> [To do] For this exercise, output the entries below exactly from the line that holds "North American Mid-20th" to the line that holds "Stance 130 Slalom Ski Boot", both ends included. No pictures belong in the copy.

> [Records to process]

************

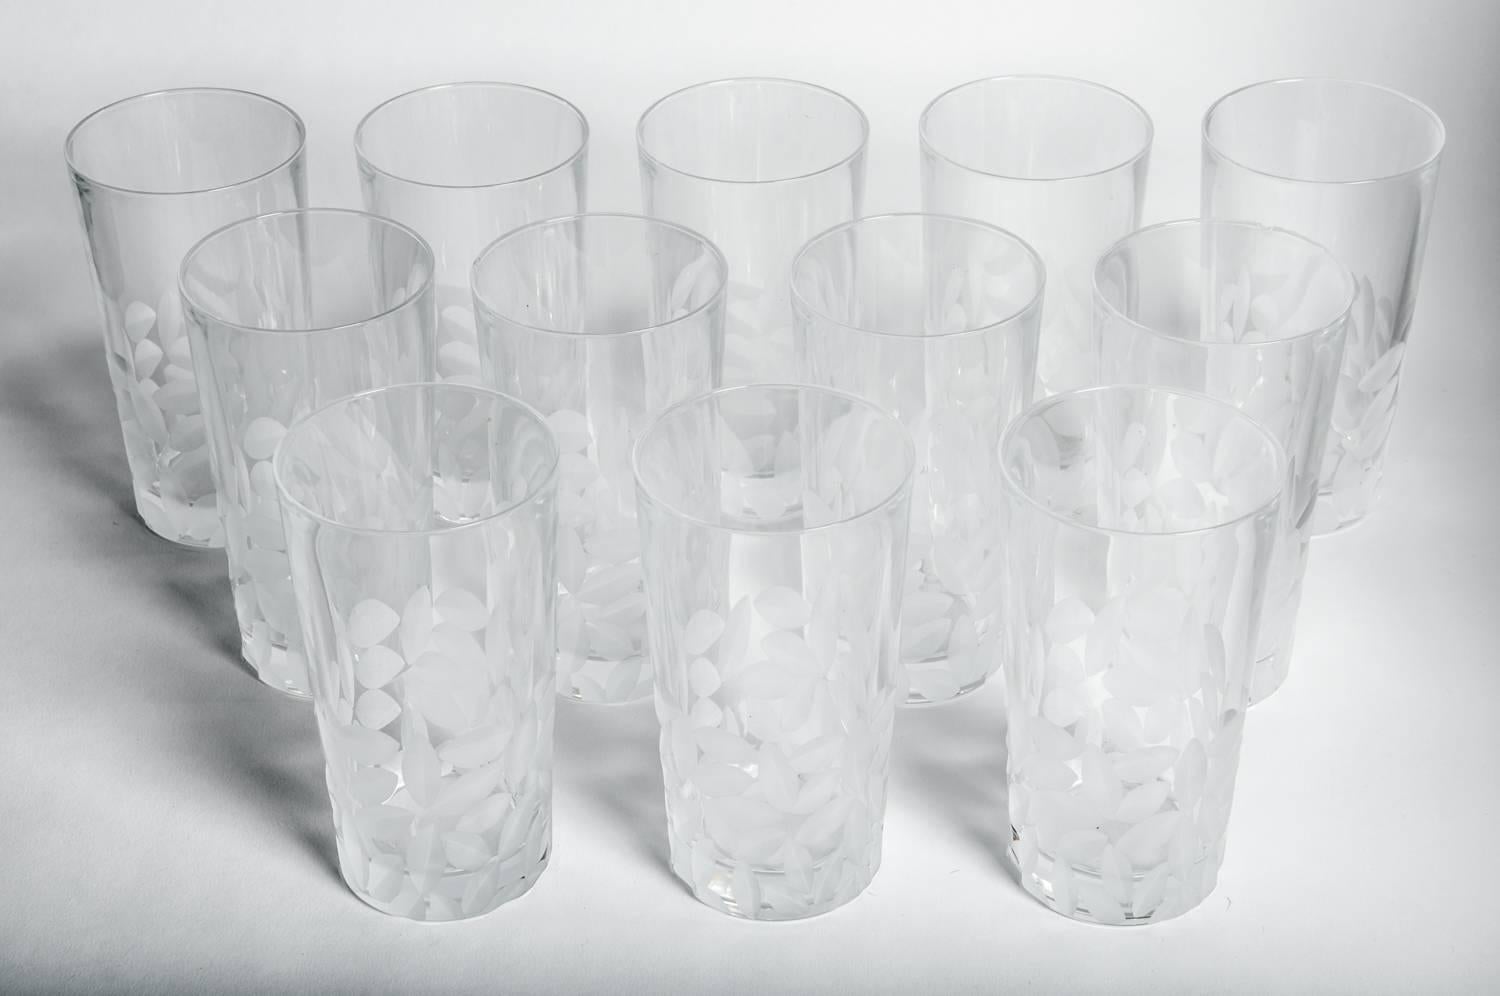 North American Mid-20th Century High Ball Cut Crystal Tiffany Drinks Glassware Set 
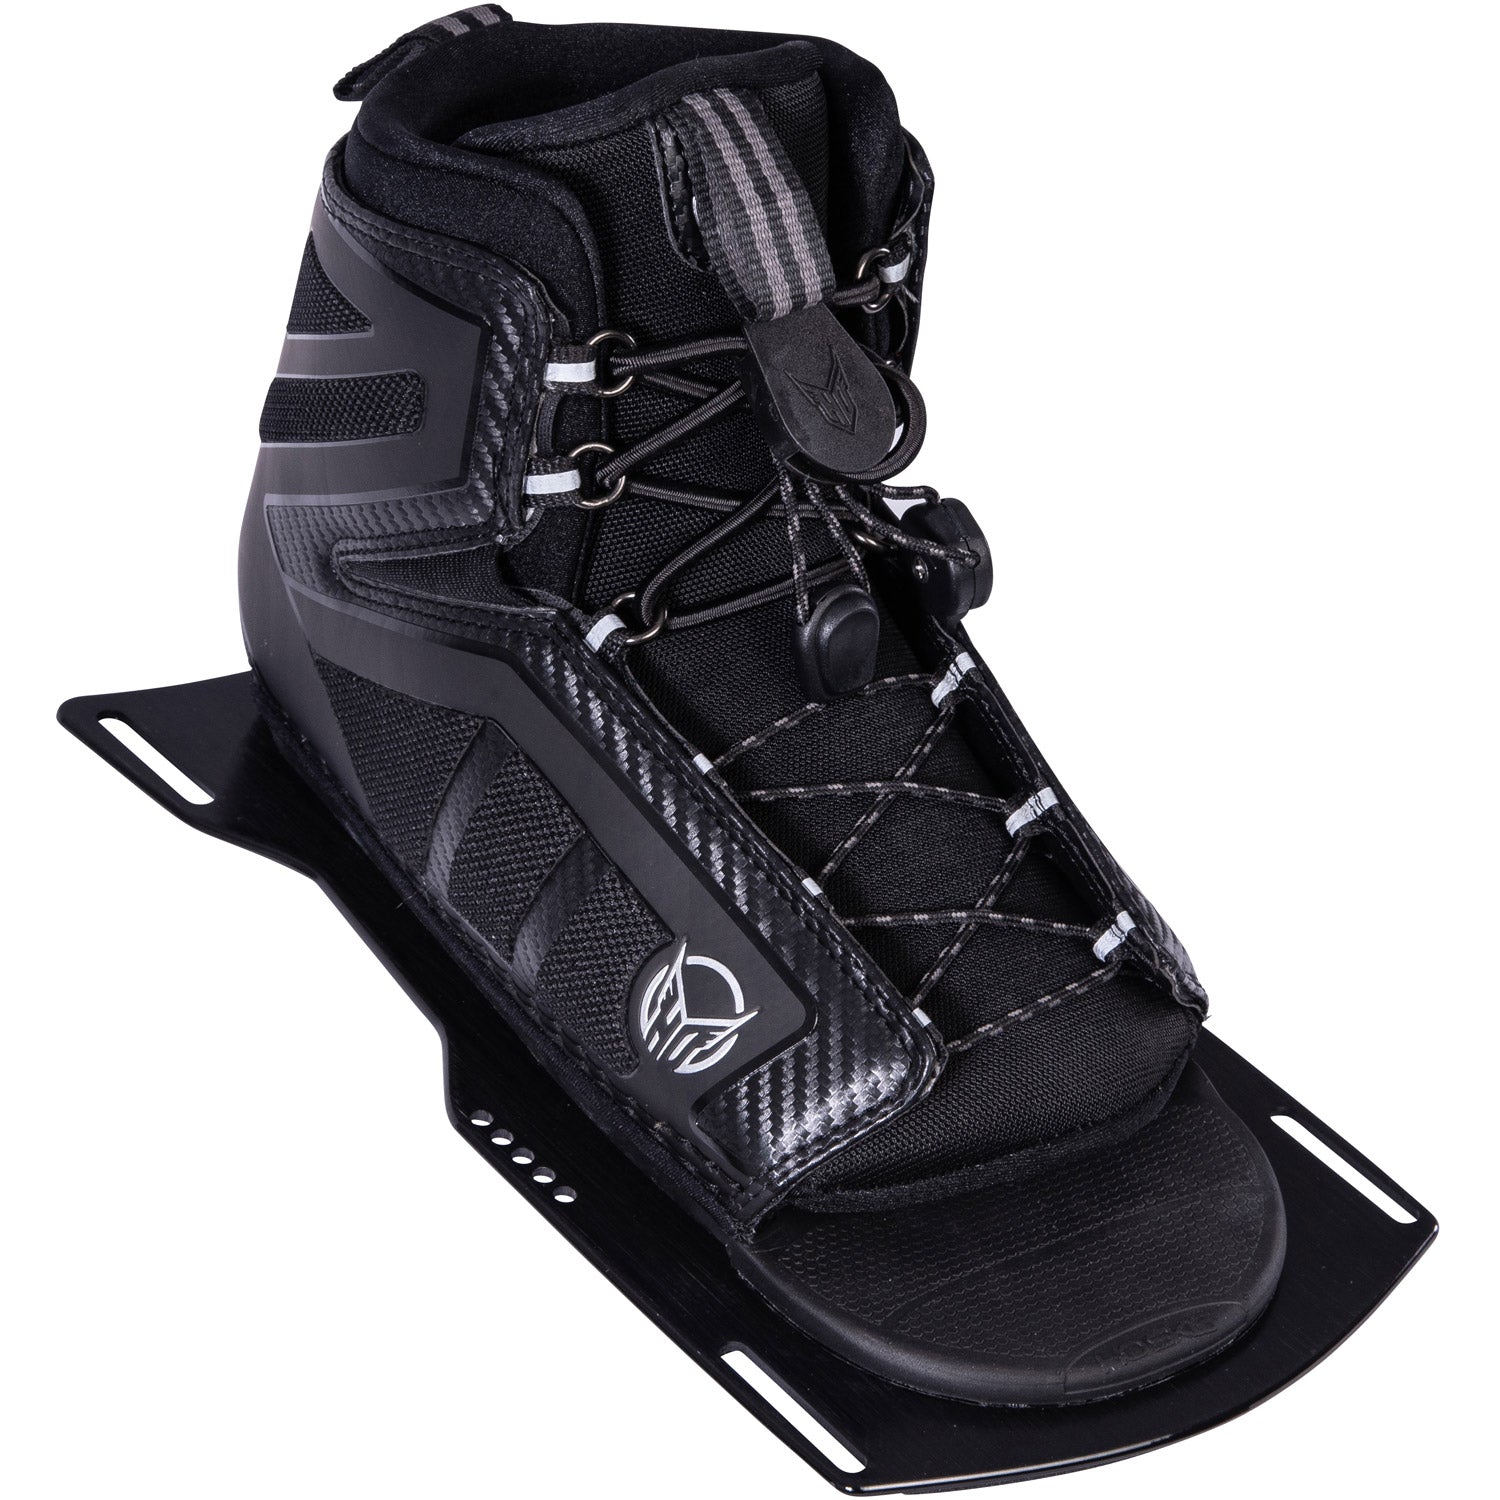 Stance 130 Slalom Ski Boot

************

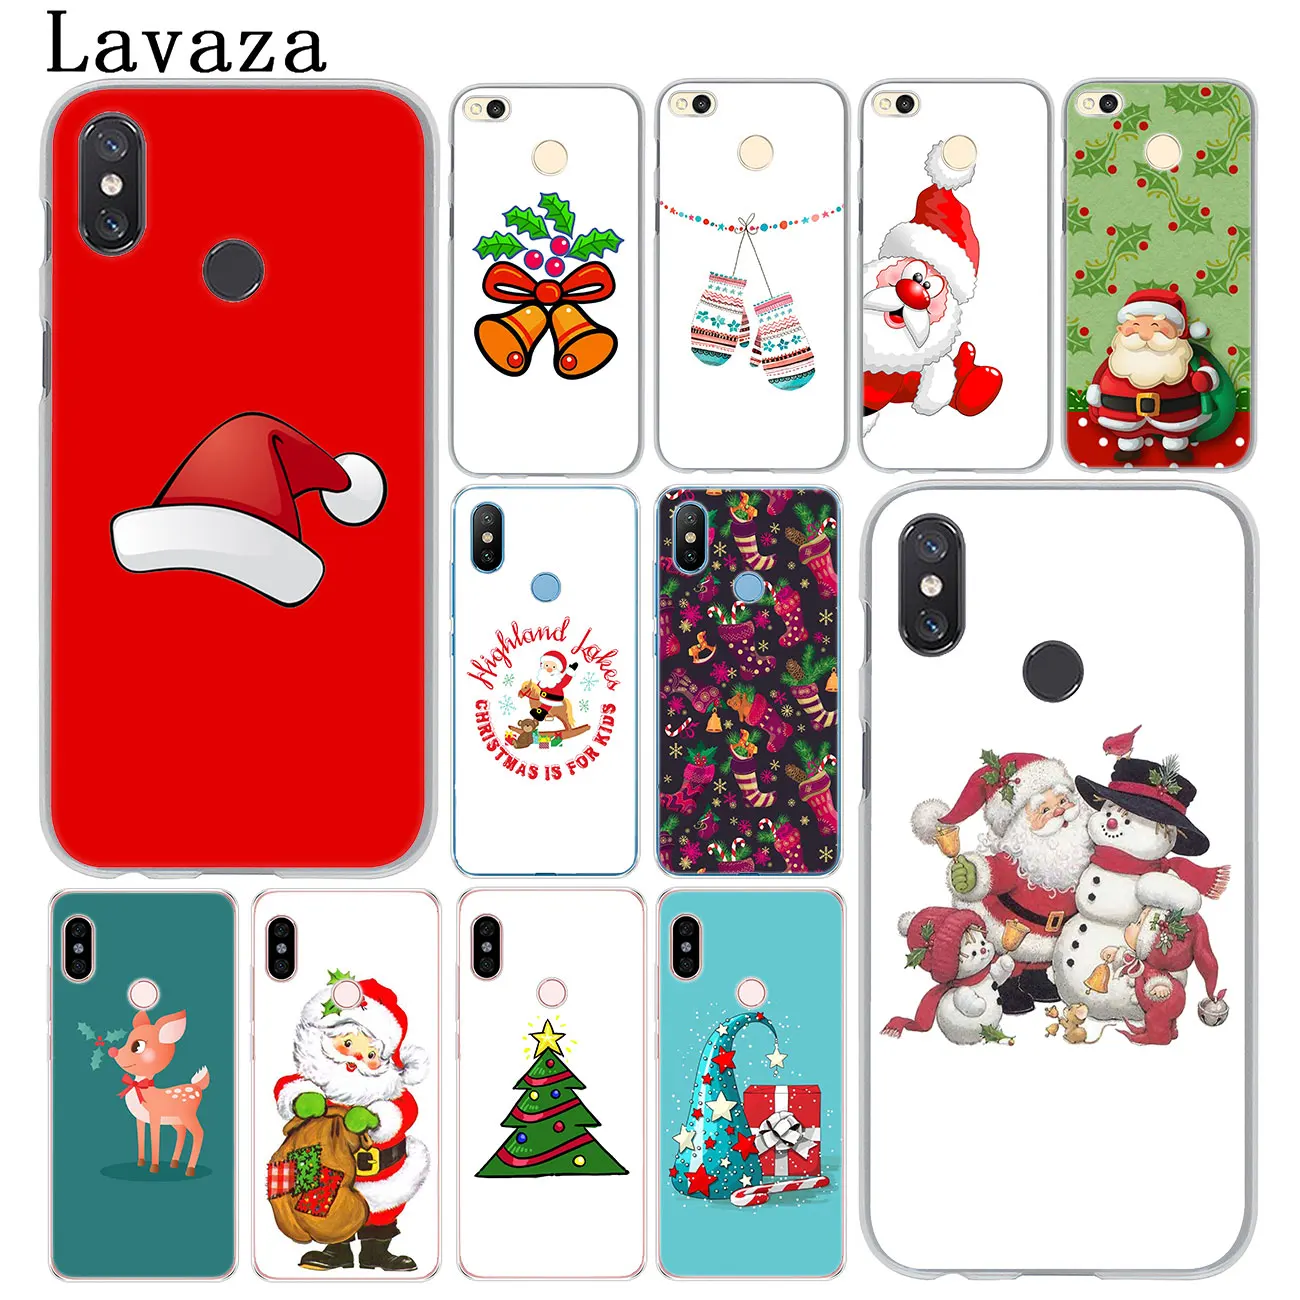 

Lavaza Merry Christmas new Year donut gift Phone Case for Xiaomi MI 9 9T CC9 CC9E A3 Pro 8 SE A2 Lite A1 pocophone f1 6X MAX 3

************

> [Answer to the exercise]
 North American Mid-20th Century High Ball Cut Crystal Tiffany Drinks Glassware Set 
 Stance 130 Slalom Ski Boot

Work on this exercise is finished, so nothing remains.